March 23, 2017 - Anyone can sue anybody anytime for anything seeking any amount of financial damages. This premise of our legal system can strike fear into the heart of anyone; yet, this premise of our legal system is intended to protect equally those who suffer injury or loss and those who might be accused of causing injury or loss. The challenge becomes how anyone manages to be financially capable of seeking recovery from those accused of causing injury or loss and at the same time ensure financial security for those accused of causing injury or loss. In the 19th century, laws were created to protect both sides of this equation and as a result we have “insurance” which allows individuals to purchase financial security (insurance) from an insurance company who then indemnifies each individual in the group for their respective legal obligations. In the end, if the insurance company has carefully underwritten each individual in the group, the collective of claims from all individuals will be paid leaving a small but reasonable profit for the stockholders who own the insurance company. This is called the law of large numbers. This article and the related webinar will explore aircraft liability insurance — what it is and whether you need it.
What is aircraft liability insurance?
Aircraft liability is just one part of an aircraft insurance policy. The other parts insure the value of the aircraft for partial or total loss, and medical expenses incurred by occupants in the aircraft, other than medical expenses that are part of a liability insurance claim.
Aircraft liability insurance applies to the named insured’s legal obligation for bodily injury including death incurred by someone other than the named insured and property damage to property owned by someone other than the named insured arising out of the ownership, maintenance, or use of the insured aircraft. The insurance policy between the insurance company and the named insured forms a partnership whereby the named insured pays the insurance company money (premium) and the insurance company agrees to defend and indemnify the named insured (i.e., be financially responsible for the named insured’s legal obligations).

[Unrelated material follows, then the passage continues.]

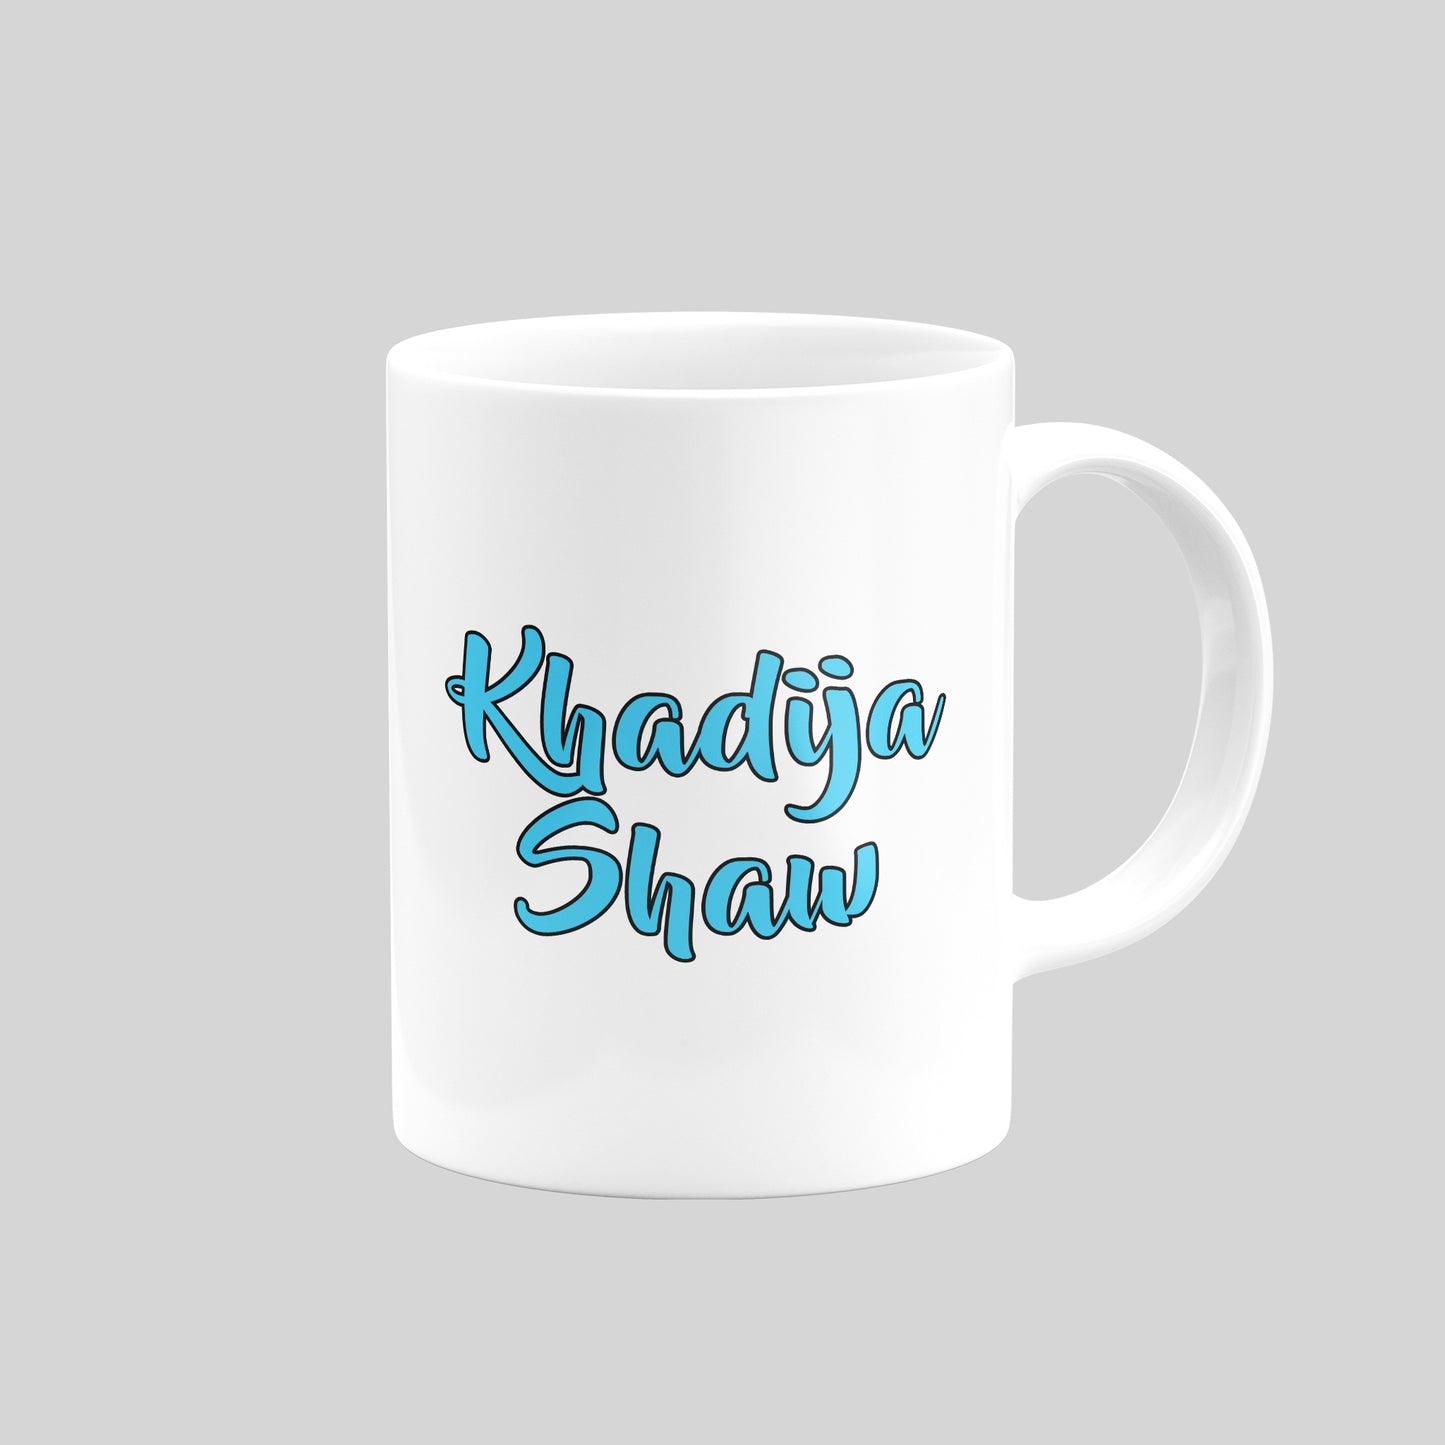 Khadija Shaw Mug

Just look in the newspaper and you will find court announcements listed as ABC Insurance Company & Thomas Jones v. XYZ Insurance Company & Mary Smith. If you were to investigate, you might find that Jones fell at a party at Smith’s house and his medical insurance company (ABC) is seeking recovery from Smith’s homeowner insurance company (XYZ). In short, XYZ is accepting financial responsibility for the legal obligation of Smith for the bodily injury incurred by Jones and subsequently paid by for by ABC. If someone is injured or someone’s property is damaged because of the use, maintenance, or ownership of your aircraft, the insurance company whose aircraft insurance policy you purchased would assume responsibility.
Is aircraft liability insurance expensive?
You might be surprised to discover that the price for aircraft liability insurance is only a fraction of what aircraft owners pay when they also buy aircraft physical damage insurance. Here are a few examples that illustrate this:
- Cessna 172, private pilot with 200 hours in make and model, $1,000,000 per occurrence and $100,000 per Passenger is $175
- Vans RV-6A, private pilot with 200 hours in make and model, $1,000,000 per pccurrence and $100,000 per passenger is $190
- Pitts S2-B, private pilot with 200 hours in make and model, $1,000,000 per occurrence and $100,000 per passenger is $325
- Evolution Revo WSC, private pilot with 200 hours in make and model, $1,000,000 per occurrence and $100,000 per passenger is $425
The cost for aircraft physical damage insurance in the examples above could be as low as $300 for $30,000 on the Cessna 172 and as high as $3,000 for $75,000 on the Revo or Pitts. Keep in mind these are generalizations and not exact quotes; the point is that aircraft liability insurance is not that expensive. Also, keep in mind the numbers above are based on the aircraft owner buying both aircraft liability insurance and aircraft physical damage insurance. Aircraft owners do have the option to purchase aircraft liability insurance only in which case the prices shown above would increase by 25-50 percent. The point still is that aircraft liability is not expensive.
Aircraft owners can reduce the cost for aircraft liability insurance by deciding to purchase less coverage. If the insured aircraft only has two seats there could be a slight reduction by purchasing $500,000 per occurrence instead of $1,000,000, but the difference is usually minimal.
What about legal defense?
This is another great reason to buy aircraft liability insurance! Aircraft insurance policies have a section in the “insuring agreements” called “defense, settlement, and supplementary payments.” In this section, the insurance company states that they will pay certain expenses beyond the limits of the aircraft liability insurance. These expenses include legal defense. This is huge. Without aircraft liability insurance, an aircraft owner would be responsible for all such defense costs — not to mention any judgement handed down by a jury and/or judge. Even the most minor incident could run up a substantial legal expense — enough said!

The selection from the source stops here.